Seconds
Massive Attack: Trinity Dub



massive Attack called their album Protection. The Mad Professor remixed the album in haunting deep dub, and called it No Protection. He lied. It does protect; like dark liquid nostalgia. It protects, terrifying.

I first heard it in the summer in Spain at the indoors hour of the afternoon. Old city flat, dark in the shadows of marble floor and tiles and dark wood and deep porcelain sink, high ceilings, coolness coldness at the floor, shutters shut shutting out the impacted heat and dust and stillness outside. Five six people around me on sofa on chair on rugs dozing slumbering smoking passing, coffee, the clutterings of lunch rabbled around the wine bottles one half full beading puddles onto the wooden table, thin china salad bowl drowning dying lettuce strips in watery oil. Fish bones. Heavy ashtrays dealing with the afternoon shadows and gentle murmurings and the CD was playing a dark cold warm marble shadow.

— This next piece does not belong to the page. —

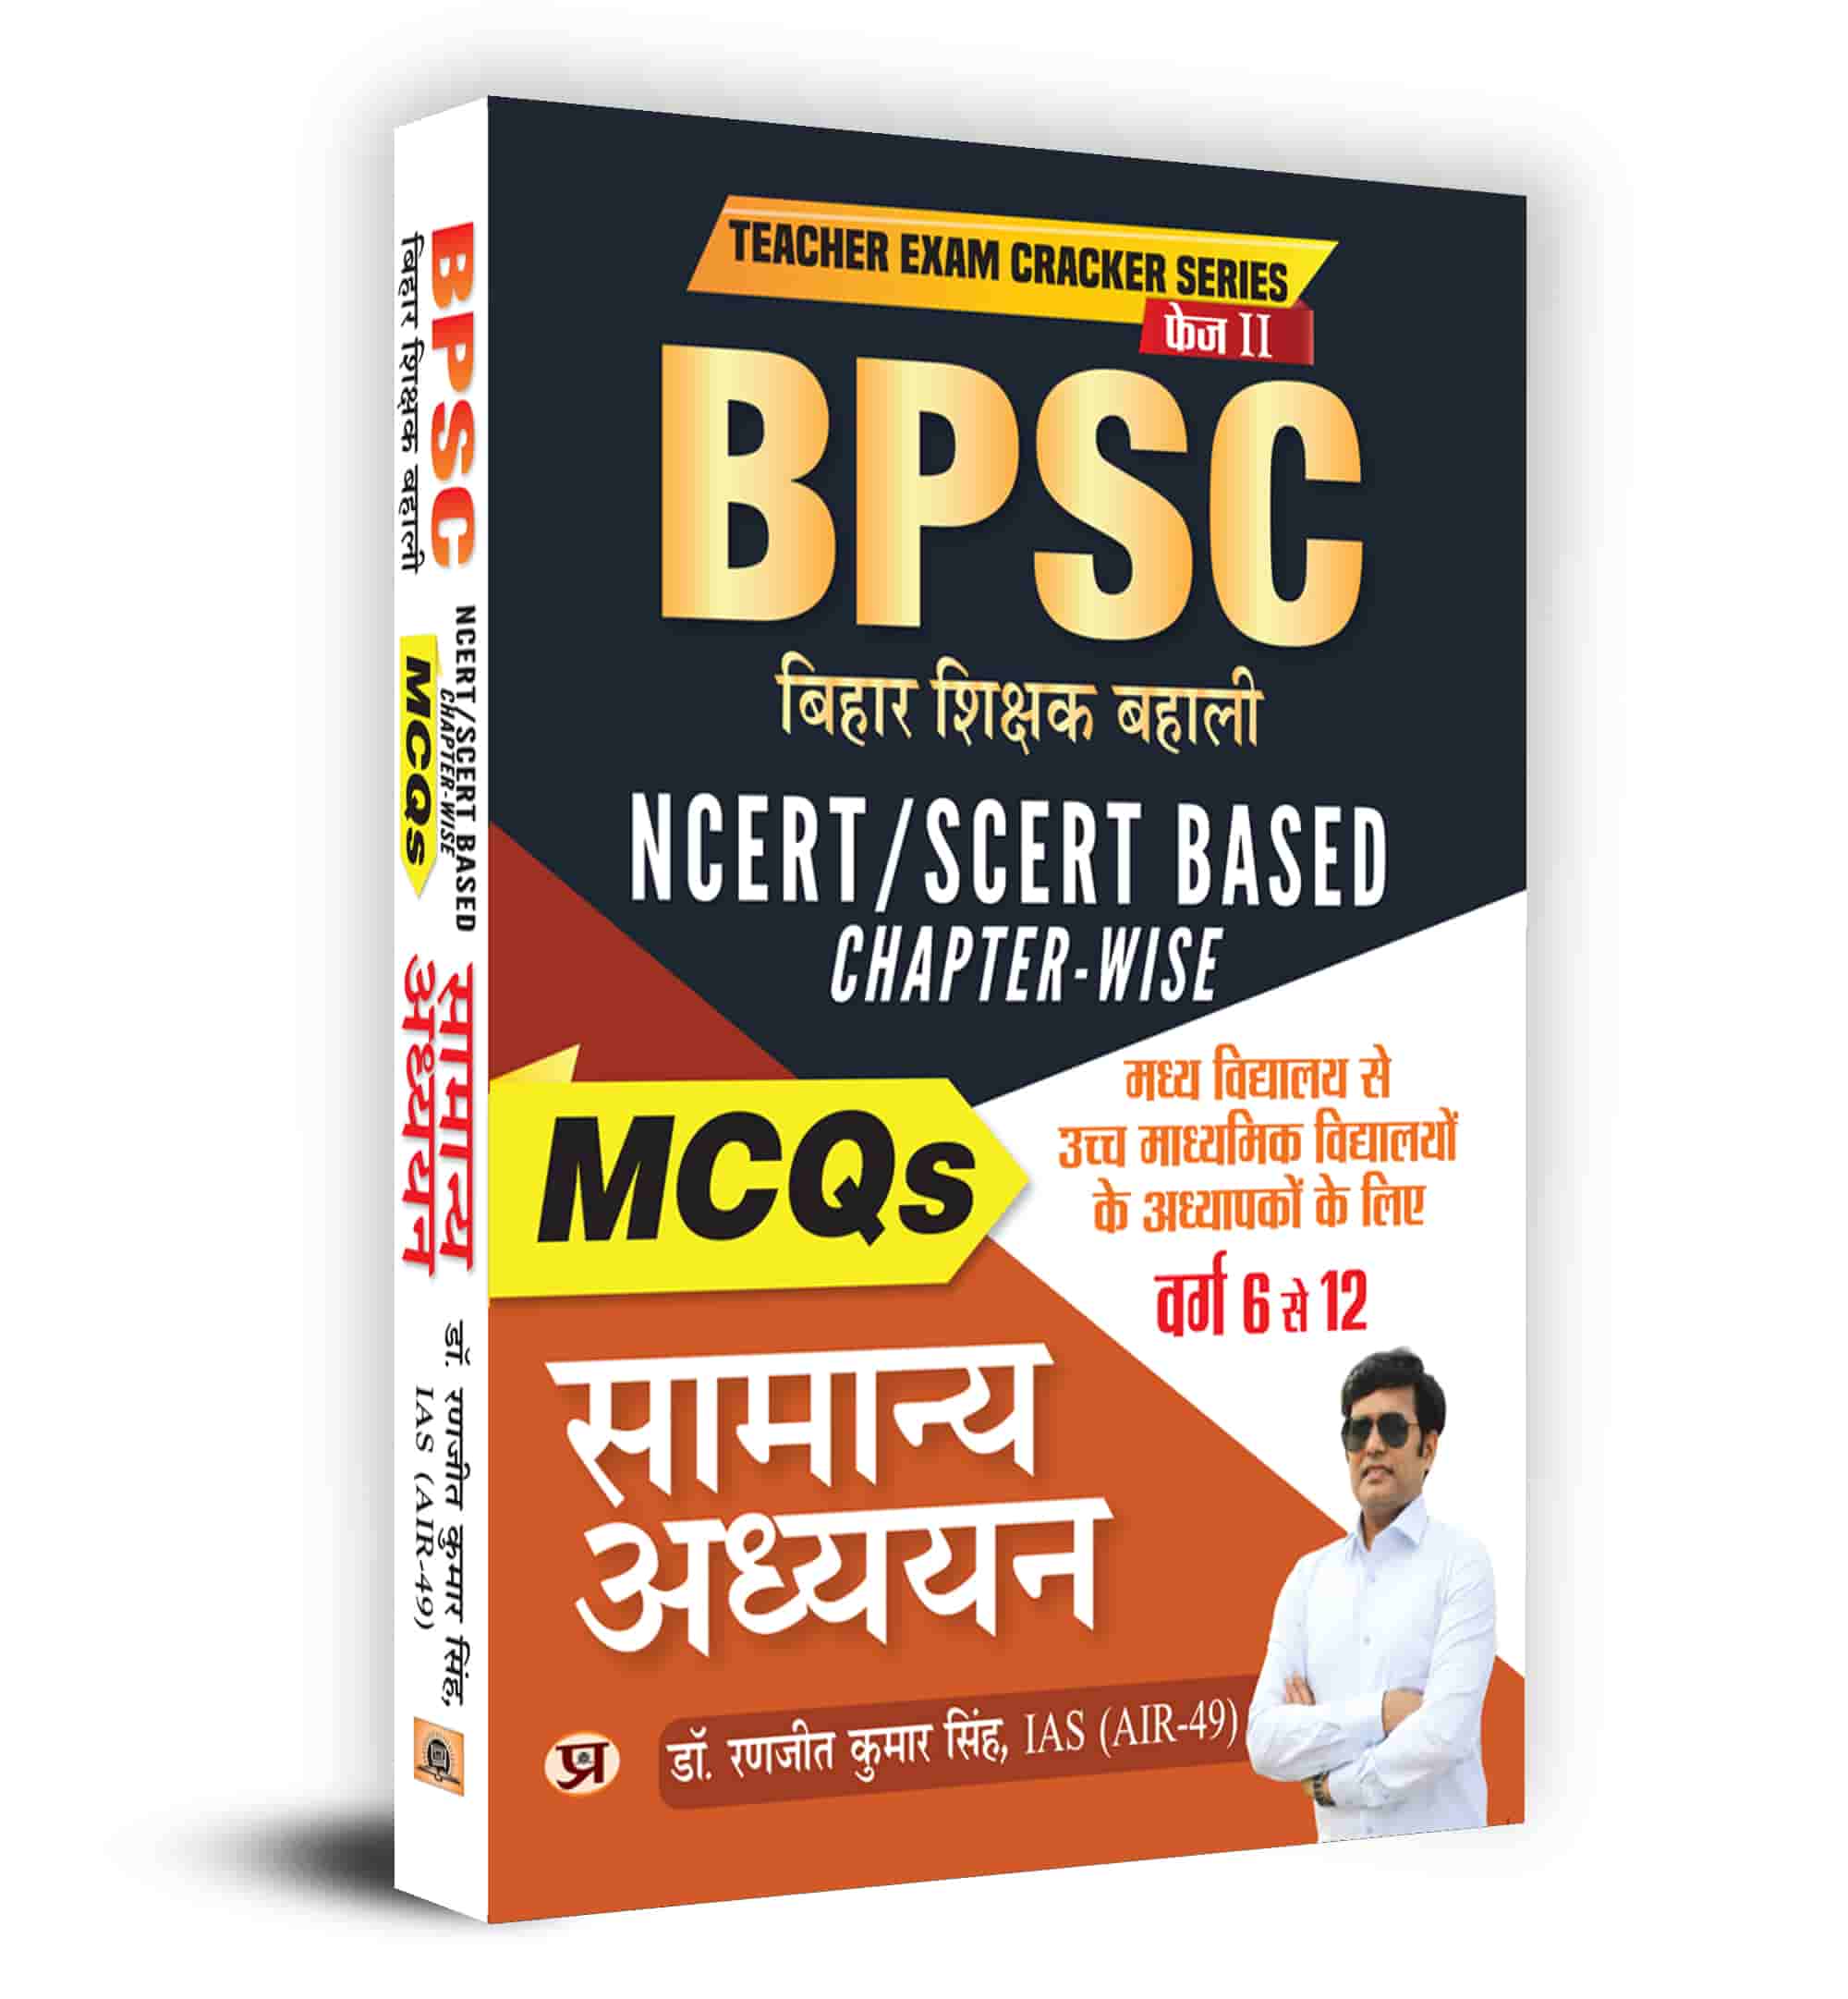 BPSC Bihar Teacher Recruitment NCERT/ SCERT Based MCQs Chapterwise Class 6 to 12 Samanaya Adhyayan (General Studies) Book in Hindi

More than music. A quantity filled the spaces. Dark deep defiant base spaces resounding around the languid air, pulsing pulsing, snatches of vocals cast spinning into the void echoing around the trail off into the depths, reggae guitar chords settling into a rhythmic pace, moving, and then leaping after the memory of the singing voice, gentle piano sequences settling calmly then following the echoey path. The bedrock bass booming constant dark and secure, heart bass life pulse secure. And yet not secure, as it is tempted by the swirling fragments of melody, continues defiant, then slips into the darkness, losing the haven. All elements of the song now soar, circling away away from the rhythmic core, wise in their wanderings - and the bass regains hold on the road and enraptured carves its wide noise loud loud and deep, enocouraged by the snare, encircling the wayward vagrant melodies of female voice, guitar and piano. Harmony is captured, they all delight, the girl enters the phase, grasps it, holds it, and - spins off echoing - returns - and off again into the abyss - pulling the companion melodies with her. Mysterious. Wise. Alluring yet terrifying.